Surprise and wonder at the high prices and cost of living in Luanda and at the extremes of wealth and poverty in the city are journalistic boilerplate for foreign correspondents visiting Angola. And I’ve come to find it just as tiresome and problematic as 19th century European depictions of African savagery because it erases the complicity of outsiders (who, in the end, consumes the great bulk of oil pumped from Angola’s ocean floor?), and paints Westerners as victims of official corruption or as heroes – in the blog above a Frenchman tried to sue a local business for profiteering (no mention was made, of course, about the ongoing case against French officials on trial in France for having illegally sold arms to Angola during its long civil war and bolstered state power).
Those who pay the highest price, both literally and figuratively, are Angolans.
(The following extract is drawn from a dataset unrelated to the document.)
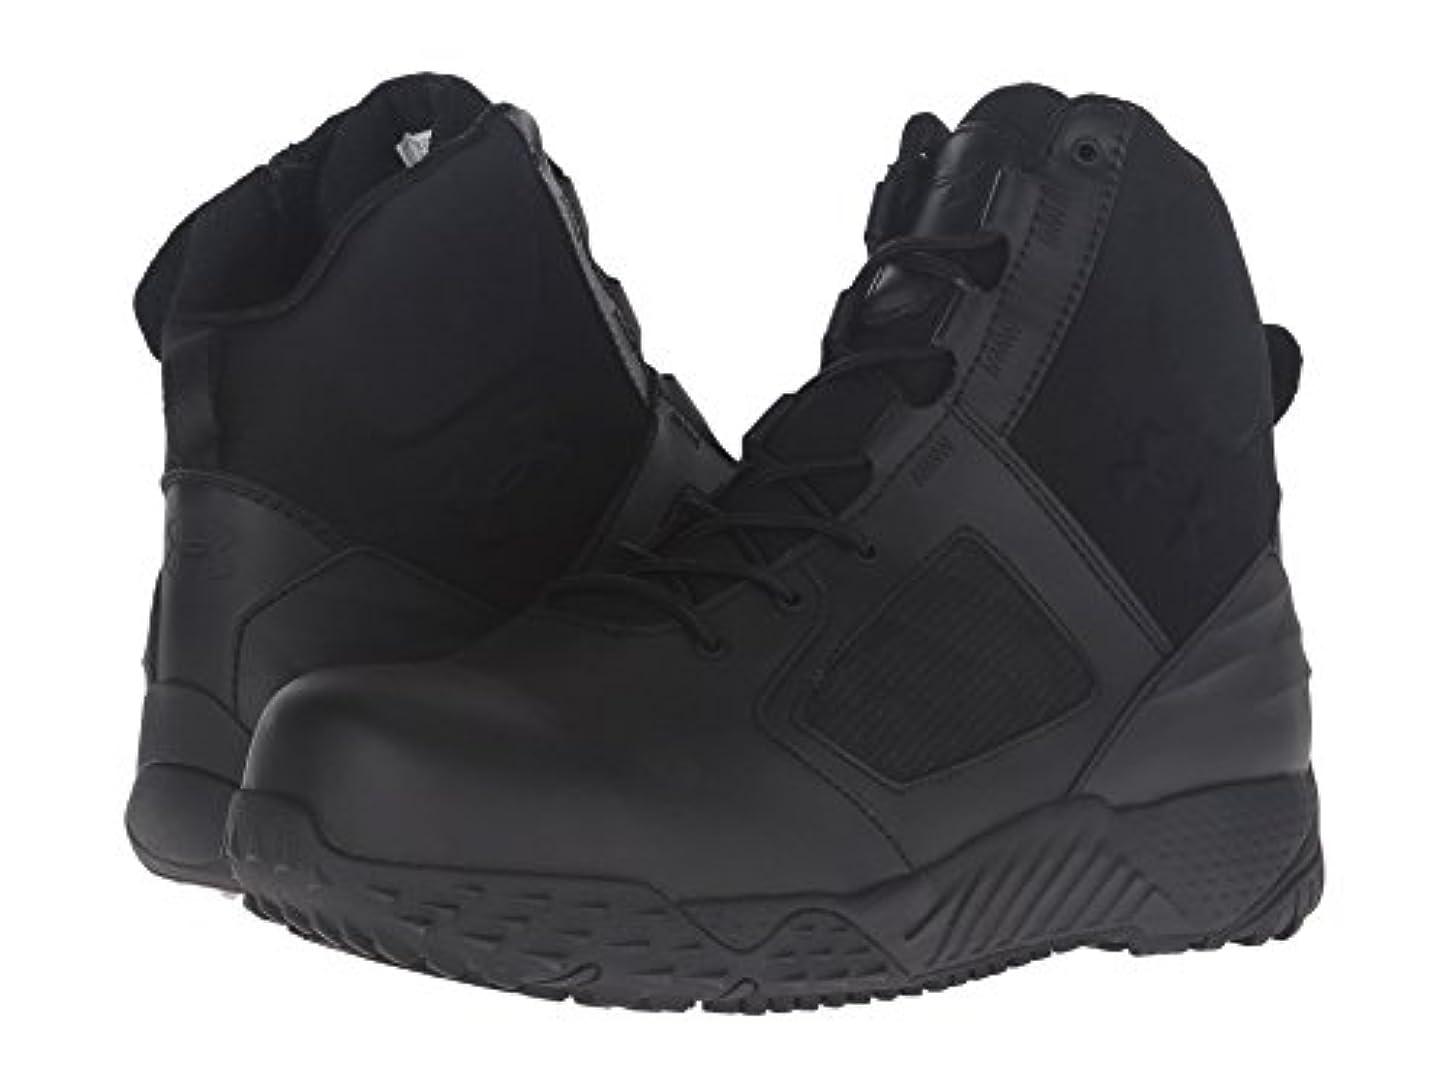 祝福緯度第(アンダーアーマー) UNDER ARMOUR メンズブーツ?靴 UA Tac Zip 2.0 Protect Black/Black 12.5 (30.5cm) D - Medium

They experience more crime, more hassles from government bureaucrats, and spend huge amounts of time, energy and money on poor goods and services, while a small number of their fellow countrymen and ex-pats make money hand over fist. And yet, I know very few Luandans who ever see themselves as victims.
Representations of Luanda’s high cost of living are 21st century are a lazy riff on 19th century ideas and images. Exotic economies and corrupt officials replace quaint folklore and savage rulers reminding us that Westerners continue need the continent to do symbolic work for them.